Malware Removal Guide For 2009 Q1

Step-By-Step Malware Removal Guide for First Quarter of 2009 (free software edition) 

Required Software:  Malwarebytes Antimalware (free), SuperAntiSpyware (free), Avira AntiVir (free), Threatfire (free), Sandboxie (free)

Download Sites:  filehippo.com, threatfire.com

Software Descriptions:

Malwarebytes Antimalware (mbam) = On-Demand Scan Anti-Malware.
SuperAntiSpyware (sas) = On-Demand Scan Anti-Malware
Avira AntiVir = Realtime Antimalware
Threatfire = Real-time Behavioral Analysis

The steps below will remove almost any piece of malware.  Notice that I say almost.  If you’re infected with a rootkit you may need to use a bootable anti-malware disc.
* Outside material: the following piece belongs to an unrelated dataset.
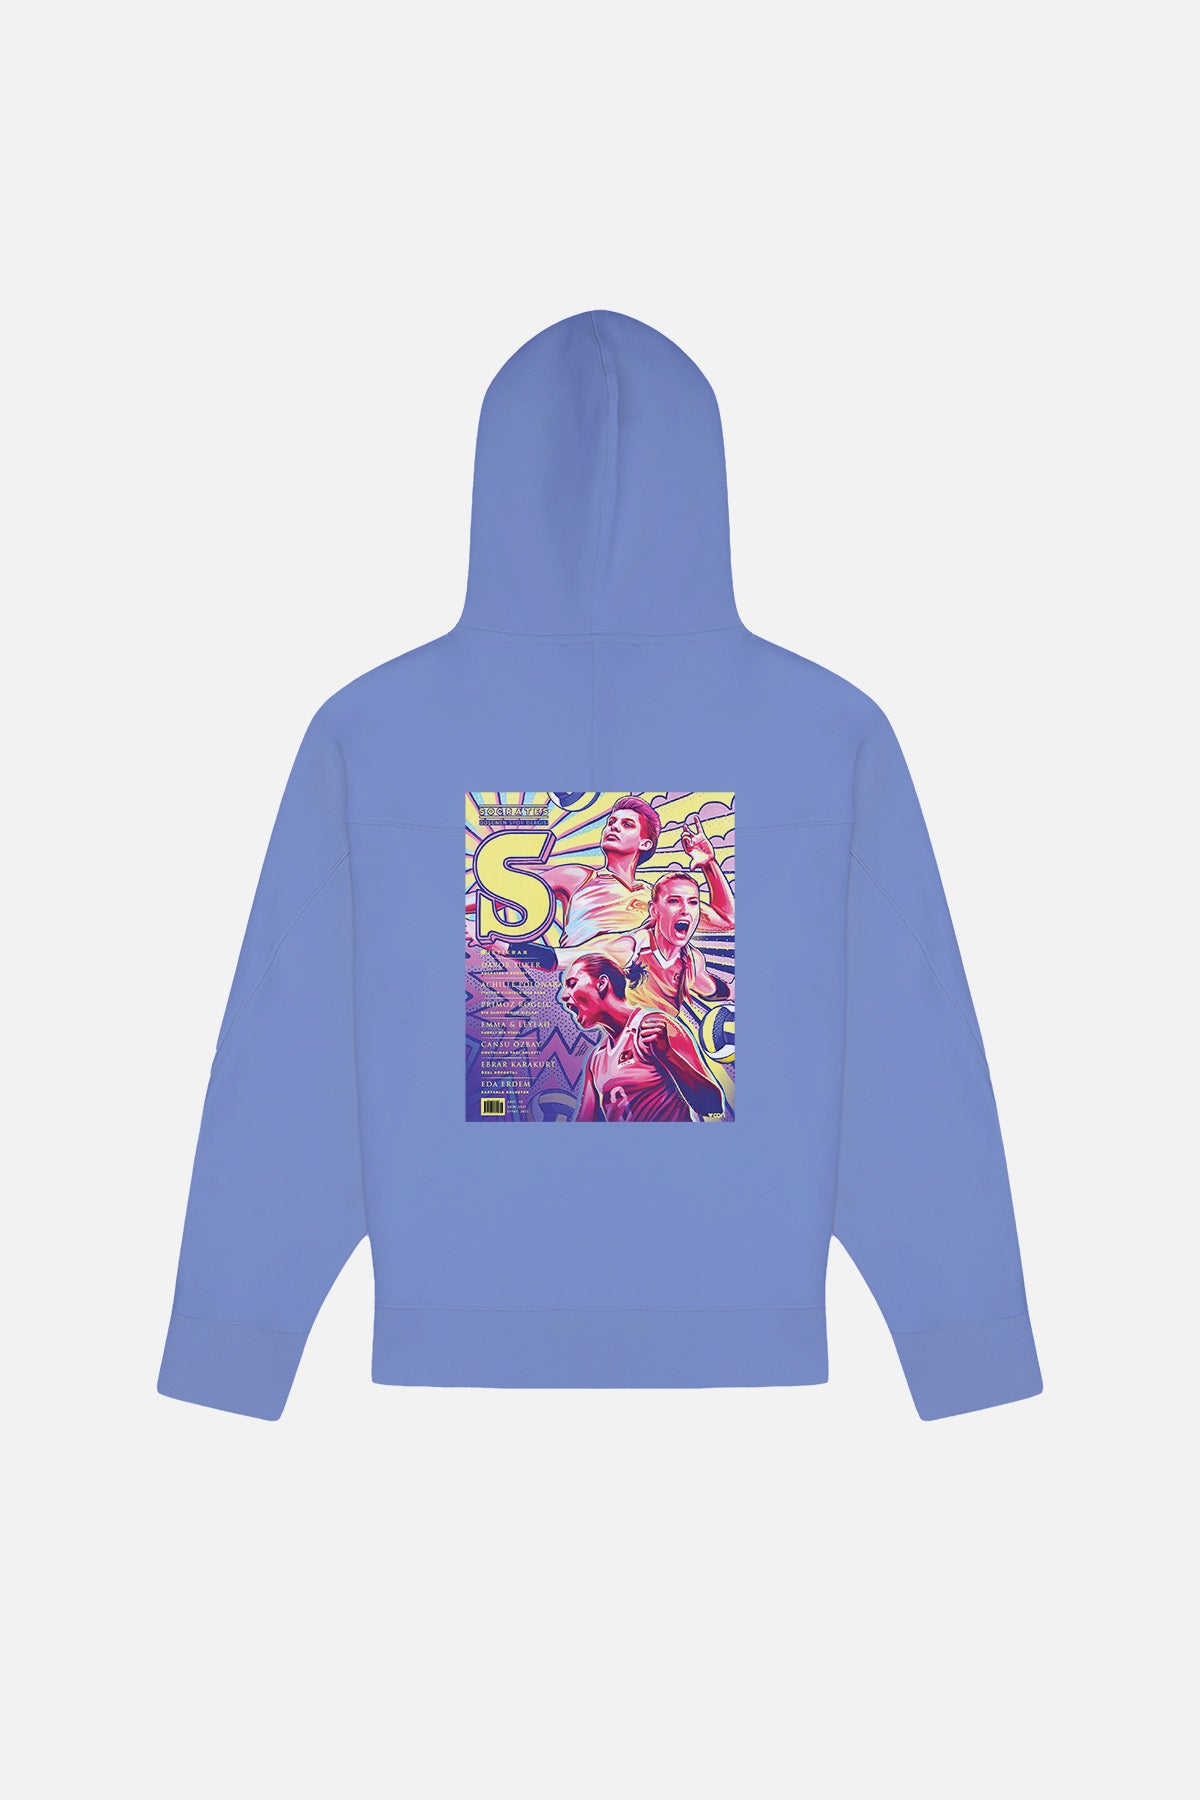 Issue #79 Hoodie - Lila

1. Double Click the MalwareBytes Installer (mbam-setup) and install with default options.
2. Malwarebytes will check for the latest updates.  If Malwarebytes fails to load (closes automatically when you open it) rename C:\Program Files\Malwarebytes’ Anti-Malware\mbam.exe to mb.exe.
3. Try to update Mbam.  If mbam fails to update then delete your hosts file in c:\windows\system32\drivers\etc.  If the mbam still fails to update move on to the next step.
4. Run a full scan with Mbam.
5. Once the scan completes click show results and remove anything checked.
6. Reboot.
7. Install SuperAntiSpyware (sas) with default options.
8. Update SAS.  If you can’t update SAS procede to the next step.
9. Run a full scan.
10. When the scan completes make sure all items are checked and click NEXT to begin the quarantine and removal process.
11. Reboot.
12. Once your computer is fully booted install AntiVir.  Choose to do a custom install.  Set heuristics on high.  Let Antivir perform an update.
13. Scan your entire C drive by right clicking on the drive and choosing to “Scan selected files with AntiVir”.  If Antivir detects any malware choose to quarantine it.
14. Reboot after the scan completes.

This concludes the malware removal section in this guide.  Next, we’ll remove any software restrictions placed on our computer from the malware.

Restriction Removal Tips:

Now it’s time to cleanup security restrictions placed on our computer from the malware that was loaded.  Malware will place security restrictions on your pc to make removal all that more difficult.  I use a couple of free utilities and commands to accomplish this.

Commands

(For XP Pro) Click Start – Run – paste the command in below:
secedit /configure /cfg %windir%\repair\secsetup.inf /db secsetup.sdb /verbose

(For Vista) Click Globe – paste in the command below where it says “start search”:
secedit /configure /cfg %windir%\inf\defltbase.inf /db defltbase.sdb /verbose

Microsoft also has a small program that will reset your security policy back to defaults.  You can download it here:

http://support.microsoft.com/kb/313222

Misc Commands that may help:

Can’t launch regedit?  Issue this command (click-start-run-paste in the command below):
REG add HKCU\Software\Microsoft\Windows\CurrentVersion\Policies\System /v DisableRegistryTools /t REG_DWORD /d 0 /f

Can’t load the task manager?  Issue this command (click-start-run-paste in the command below):
REG add HKCU\Software\Microsoft\Windows\CurrentVersion\Policies\System /v DisableTaskMgr /t REG_DWORD /d 0 /f

Can’t load a command prompt?  Issue this command (click-start-run-paste in the command below):
REG add HKCU\Software\Policies\Microsoft\Windows\System /v DisableCMD /t REG_DWORD /d 0 /f

Programs To Run (For XP Only)

XP_SecurityConsole will often resolve security restrictions just by opening it (make sure you click the apply key before closing).
http://www.dougknox.com/xp/utils/xp_securityconsole.htm

This concludes for the malware removal guide for now.